Figure 9 Pathogenesis of neurogenic intermittent claudication in lumbar canal stenosis.

Figure 10 Effect of prostaglandin E₁ on normal (A-C) and compressed nerve root (D-F). The seventh lumbar nerve root was clamped with a clip for 3 wk using dogs. After release of clipping, the intraradicular blood flow was measured before and after intravenous injection of lipo-prostaglandin E₁ (PGE₁) (D-F). As the control group, animals were evaluated at 3 wk after laminectomy. The nerve root was only exposed and wasn’t clamped with a clip (A-C). In the control (A) group, the mean blood pressure fell immediately after intravenous injection of lipo-PGE₁ due to the peripheral vasodilation, but then gradually increased and recovered after 20 min. The changes of blood pressure in the nerve root compression group were the same as those seen in the control group (D). Intravenous injection of lipo-PGE₁ also resulted in marked increase of blood flow in the normal nerve roots (B), but caused minimal enhancement of blood flow at the sites of nerve root compression exhibiting Wallerian degeneration (E). Histological examination revealed no degeneration of the nerve fibers in the control group (C). However, marked Wallerian degeneration was seen in the nerve root compression group (D). The relative number of small diameter axons increased in the compression group at 3 wk after operation compared with the control group (HE stain, original magnification X 50).

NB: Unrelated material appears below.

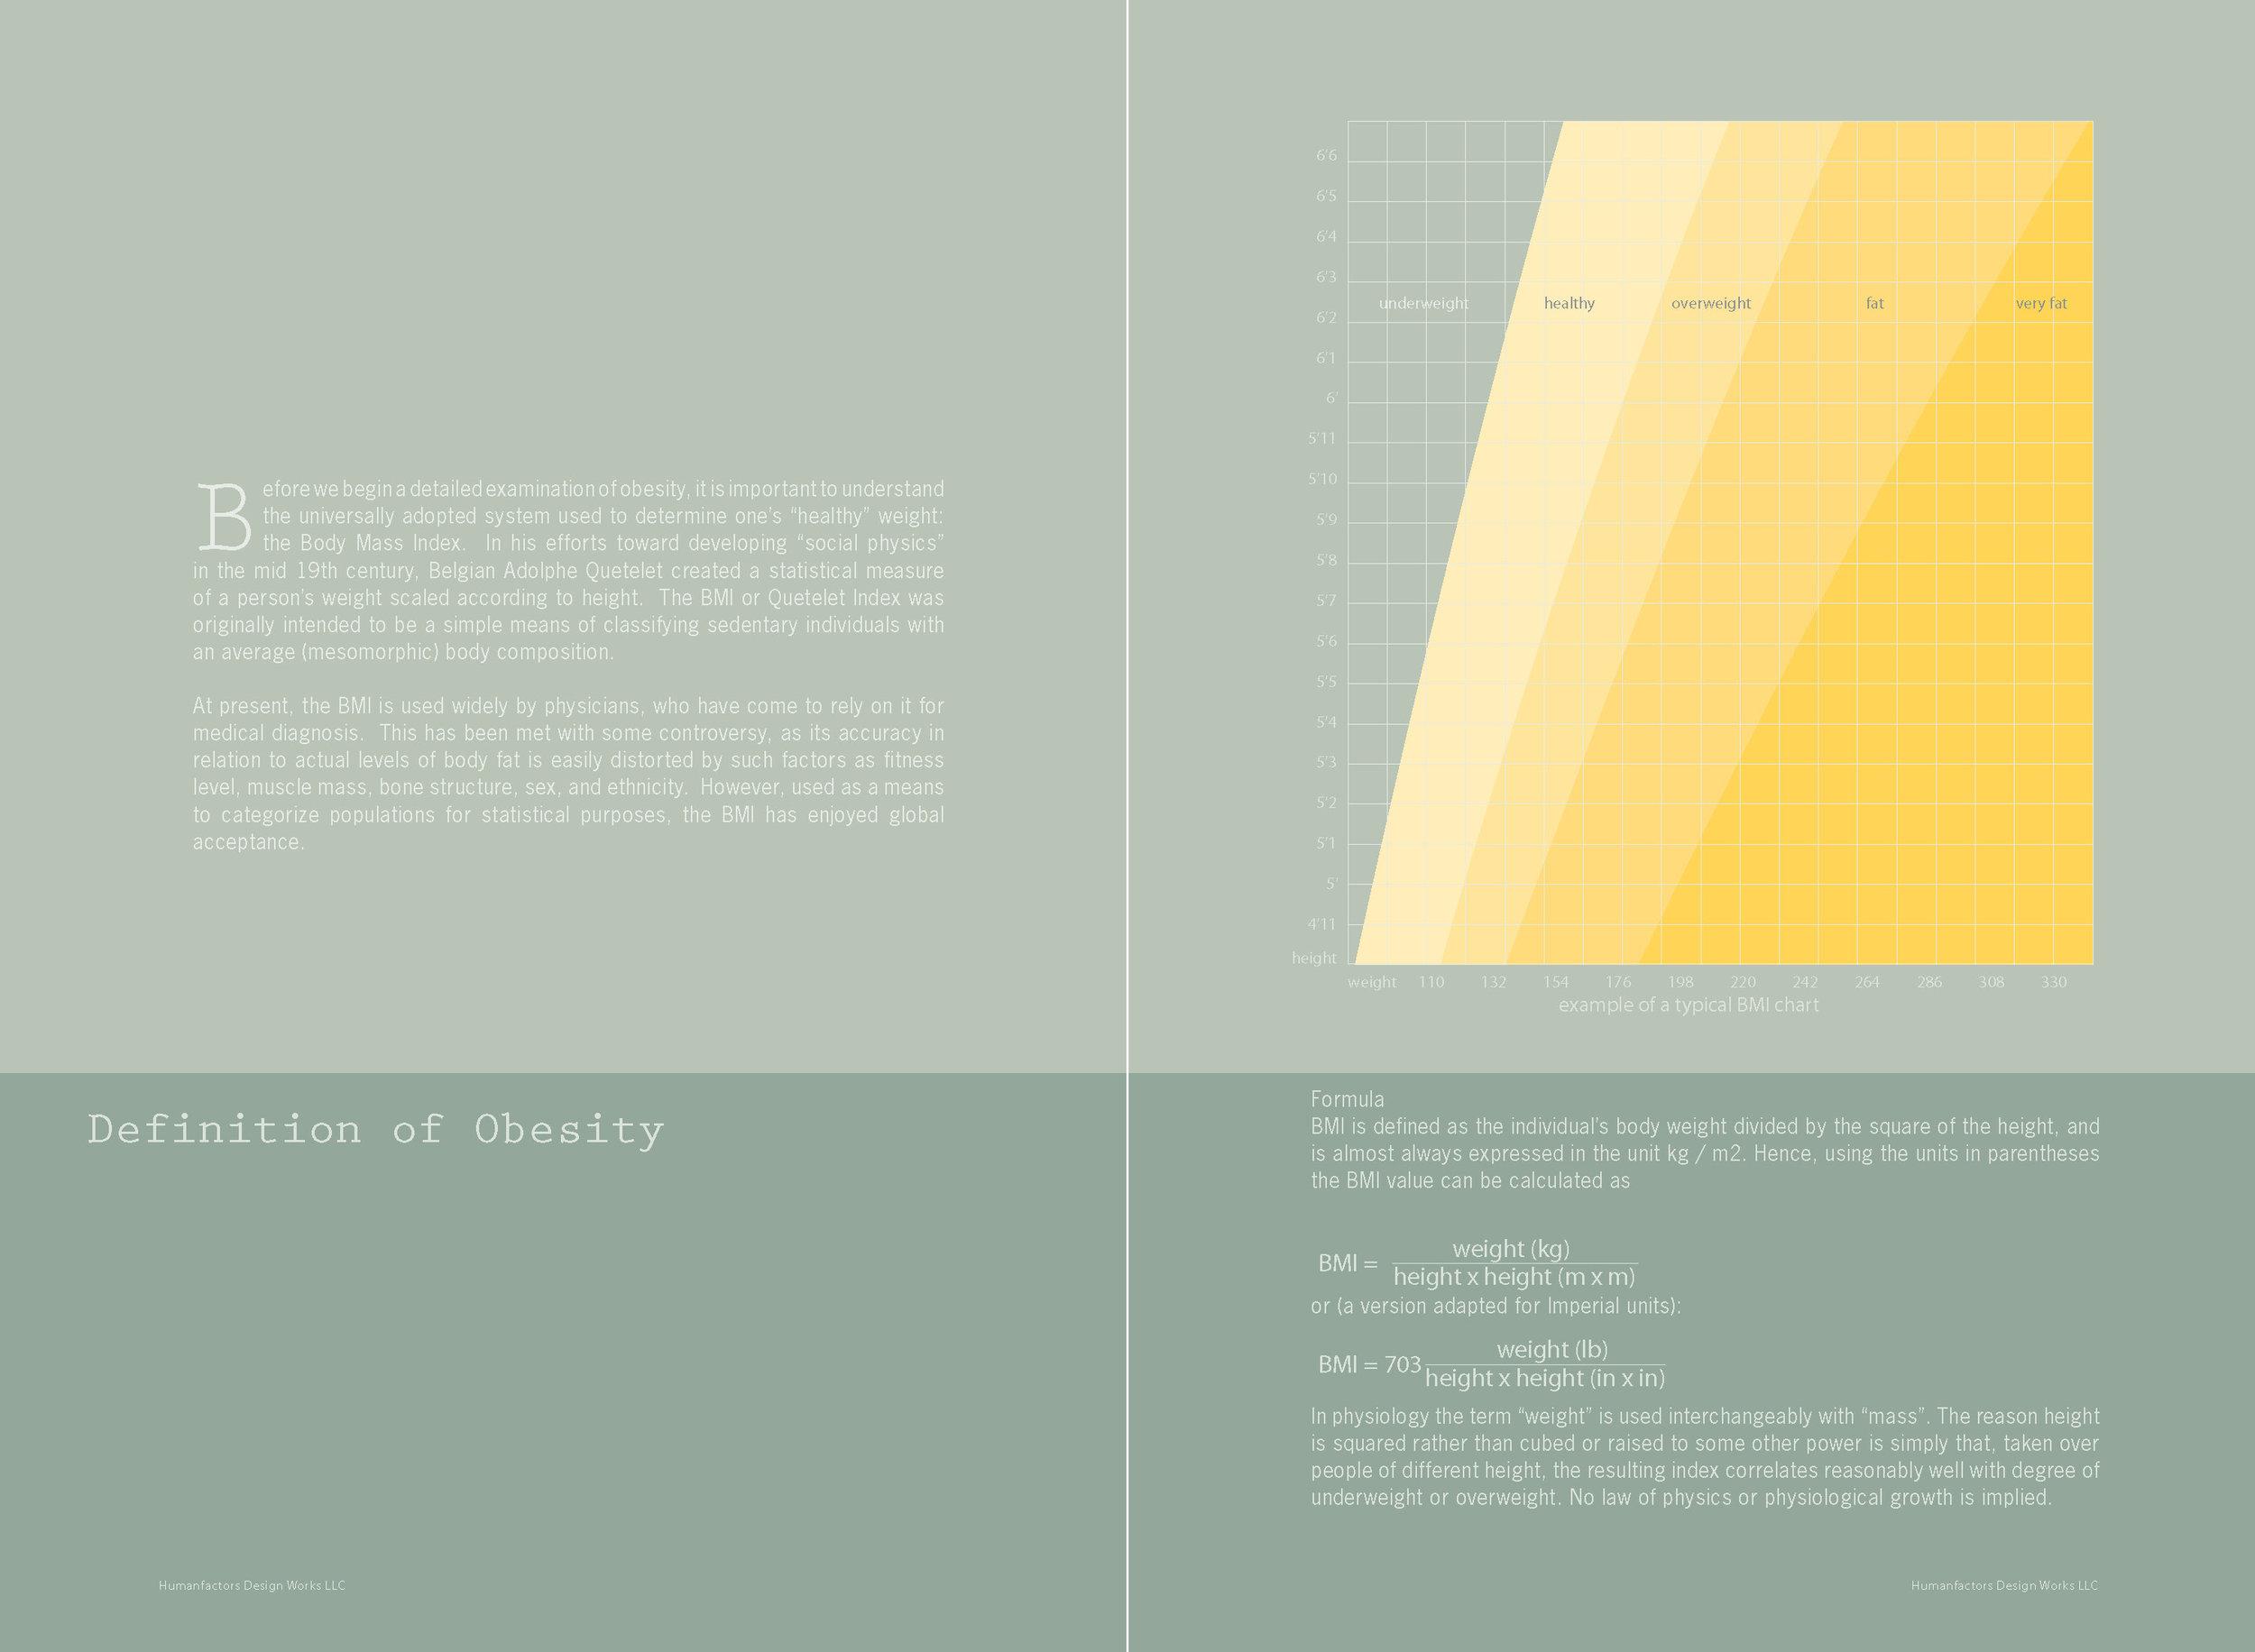 stryker_obesity_1.jpg

Figure 11 Changes in intraradicular blood flow after intravenous injection of lipo-prostaglandin E₁. In normal (control) nerve roots (n = 5), intraradicular blood flow fell immediately after intravenous injection of lipo-Prostaglandin E₁ (PGE₁), but gradually increased (^aP < 0.05). After 30 min, the mean blood flow was 49% higher than before lipo-PGE₁ injection. However, the changes of intraradicular blood flow in the nerve root compression group (n = 5) were not as marked as in the control group, with the mean value after 30 min being only 5% higher than pretreatment value. Reproduced with permission from Kobayashi et al[81].

Figure 12 Magnetic resonance imaging of lumbar canal stenosis patients with neurogenic intermittent claudication. A: Cross-sectional area of dural sac (T1-w) at the site of maximal canal stenosis; B: Magnetic resonance imaging of redundunt nerve root (T2-w).